Macy's
Tips. there is a little bit difference between the rank1's url's database and what I have written in the _01_request_of_prod_page.py, so you have two choice about it.
- copy and paste the url of "Women\ men \ toys and etc", and insert into the database.
or you can
- change database to the database what i have written in the code.
environment: conda install requests
run the code:
- unzip readme.zip
- create a database the same as readme/爬取Macy网用户评价日志(1)需求存储数据库设计.docx
- run the code: _01_request_of_prod_page.py to download the url of rank1, like "Women、men、toys and etc"
- run the code: _02_main.py to download the url of rank2, like "Women --> tops 、 women --> hoddies、 and etc"
- run the code: _03_main.py to download the url of rank3, like "tops1, tops2 and etc"
- run the code: _04_main.py to download the url of rank4, is the true product's specific url.
- run the code: _04_spider_of_rank4_prod_info_for_pic to download the img of prod.
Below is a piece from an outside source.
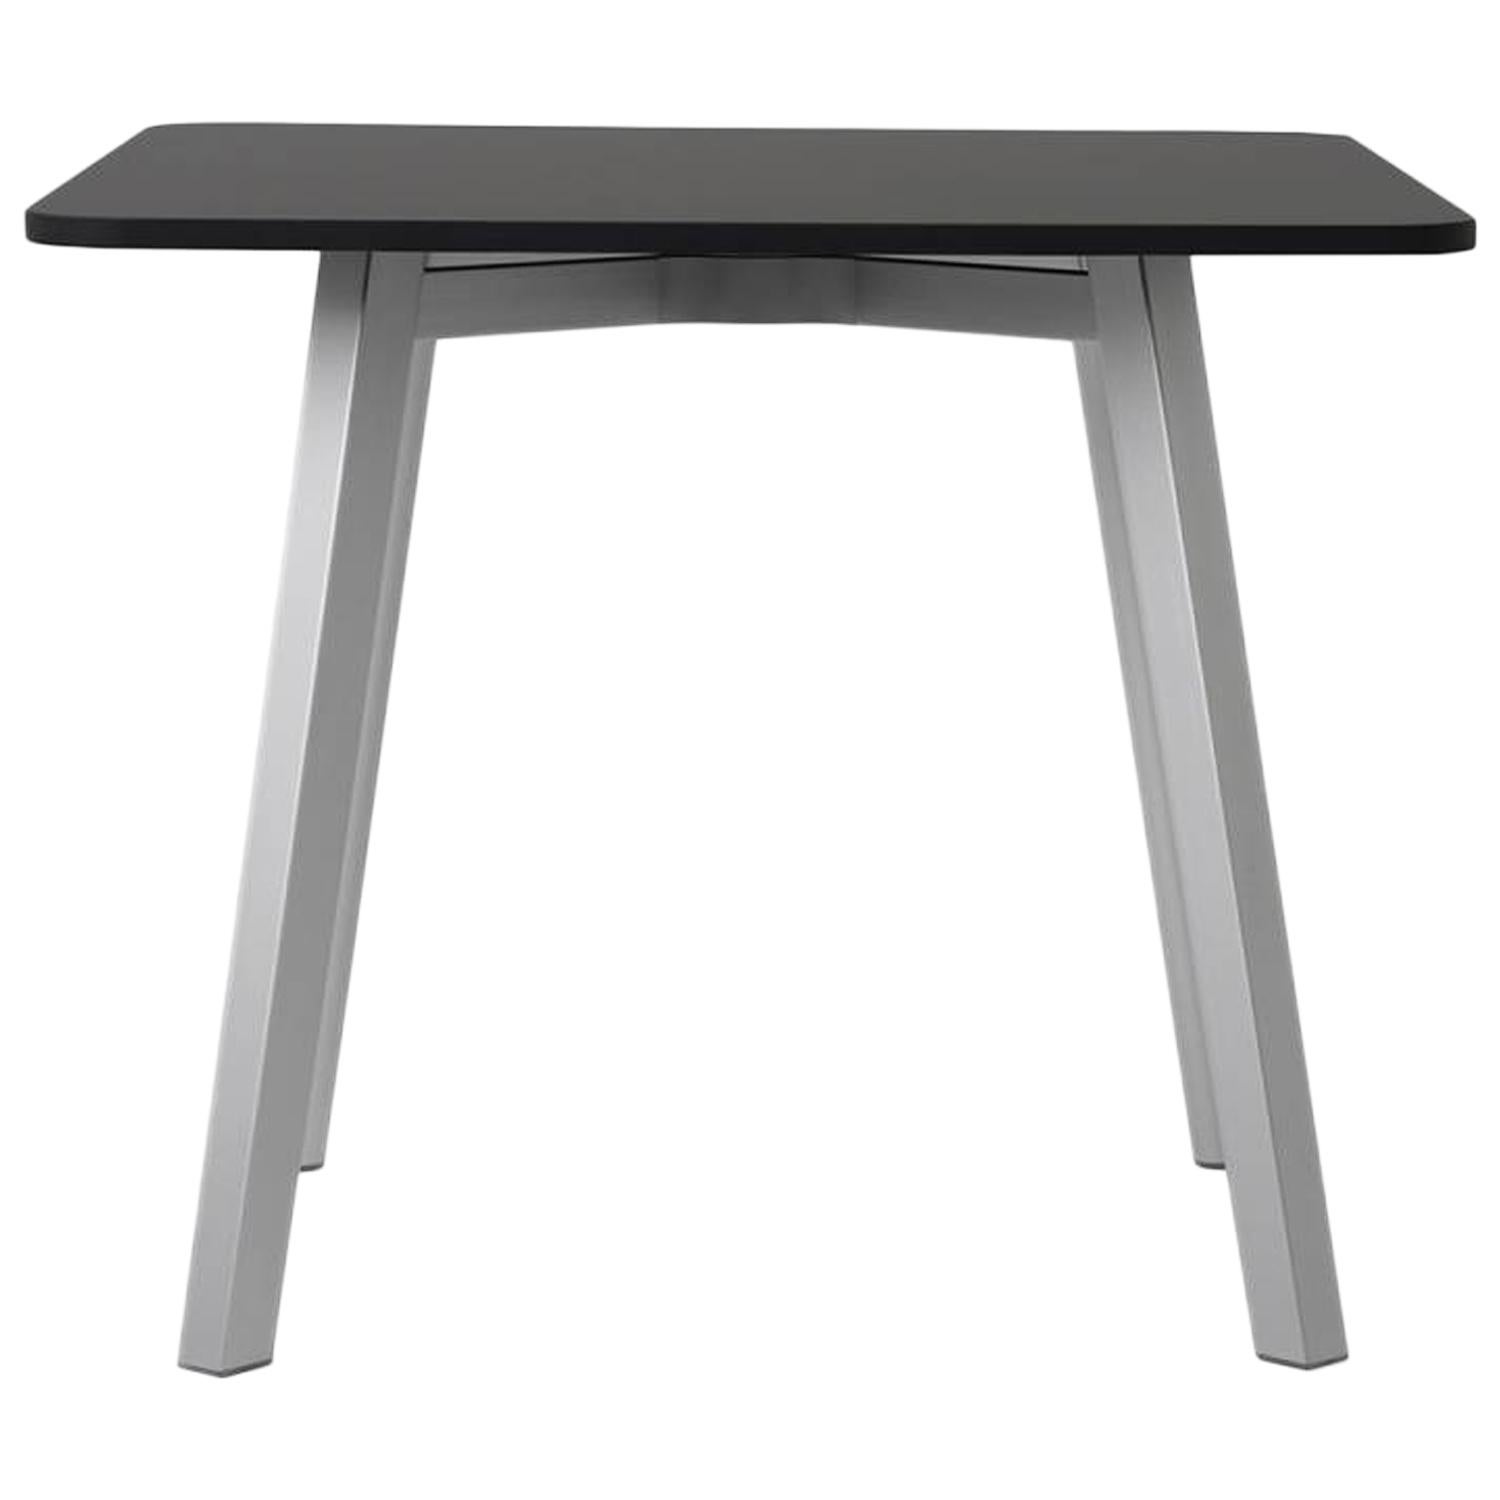 Emeco Su Low Table in Natural Aluminum with Black Laminate Top by Nendo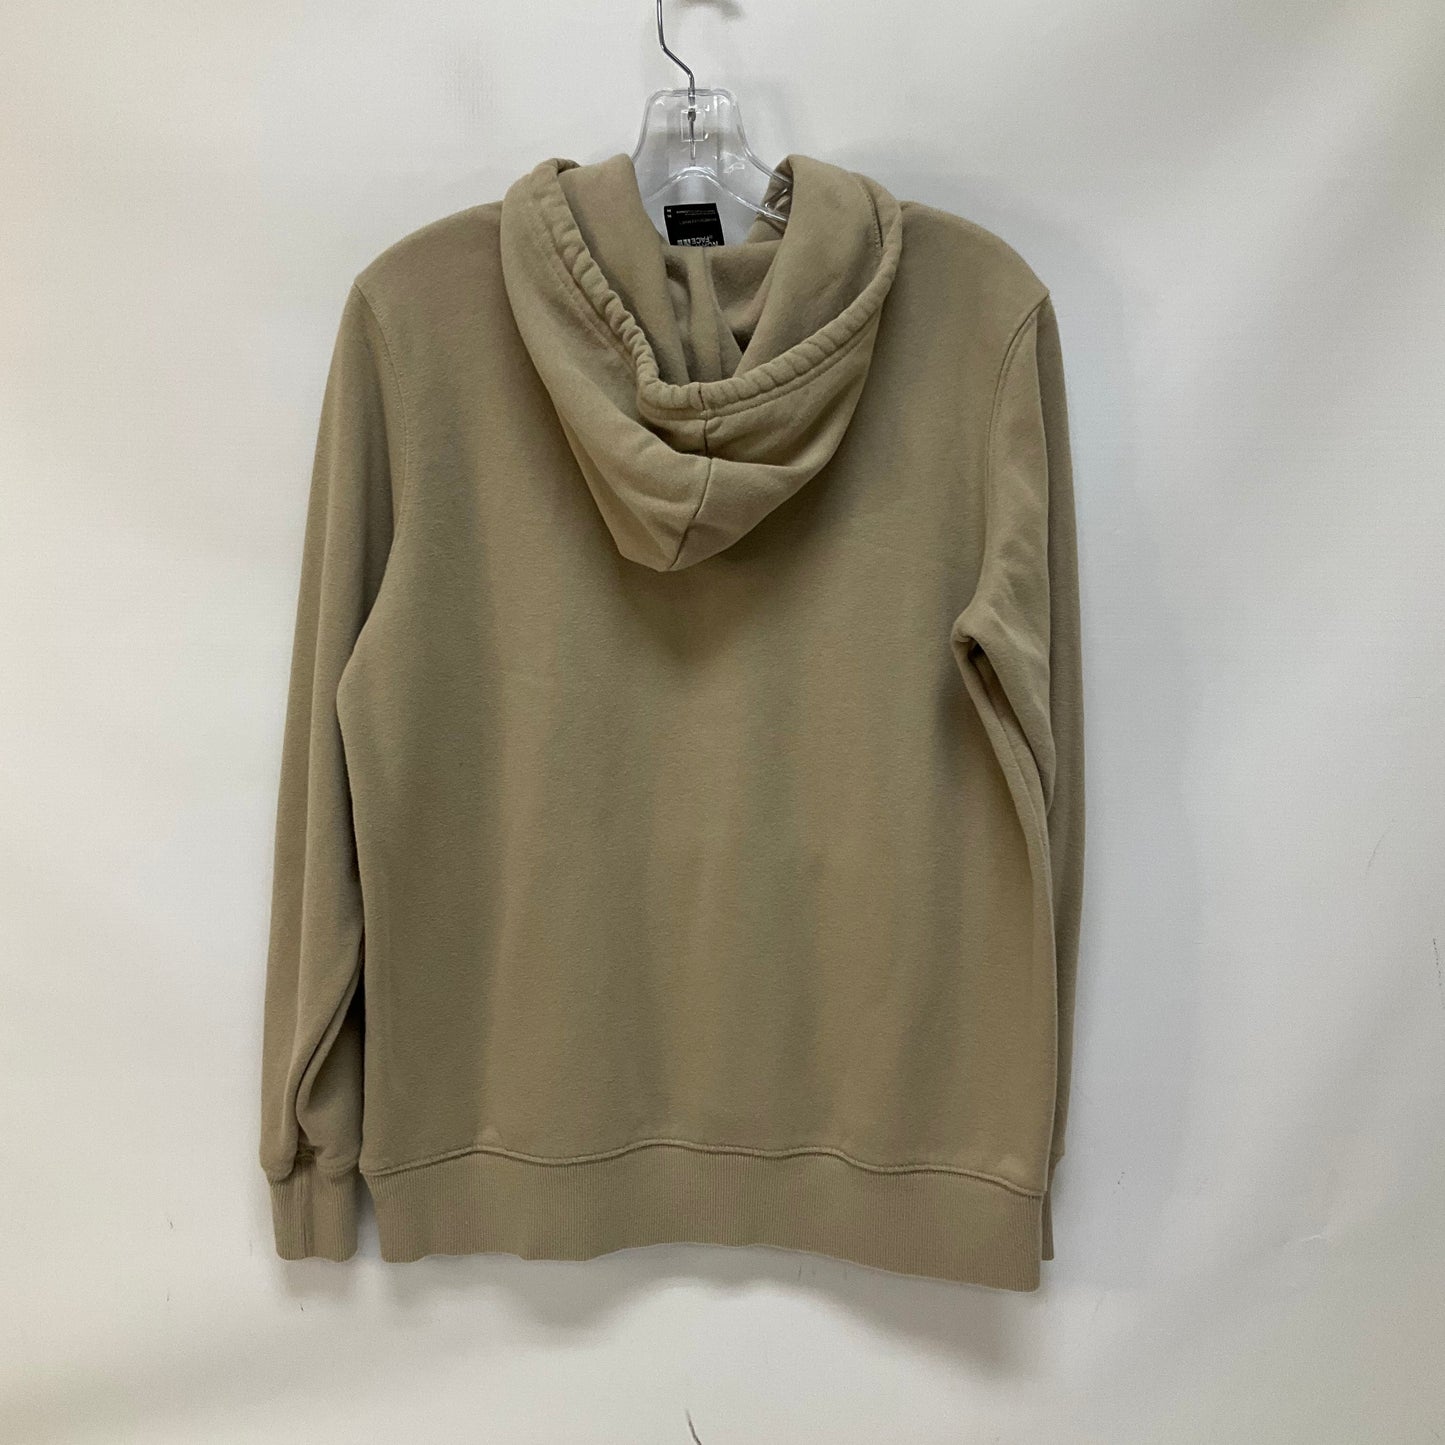 Tan Athletic Top Long Sleeve Collar The North Face, Size M

- run the code: _04_spider_of_rank4_prod_info_main.py to download the product information like price and name and etc.
- run the code: _04_extractor_main.py to extract review information to database.
- run the other code which has the code like: if name == "main":
Tips2:
- You'd better use the scrapy. scrapy is more robust than only use request like above codes.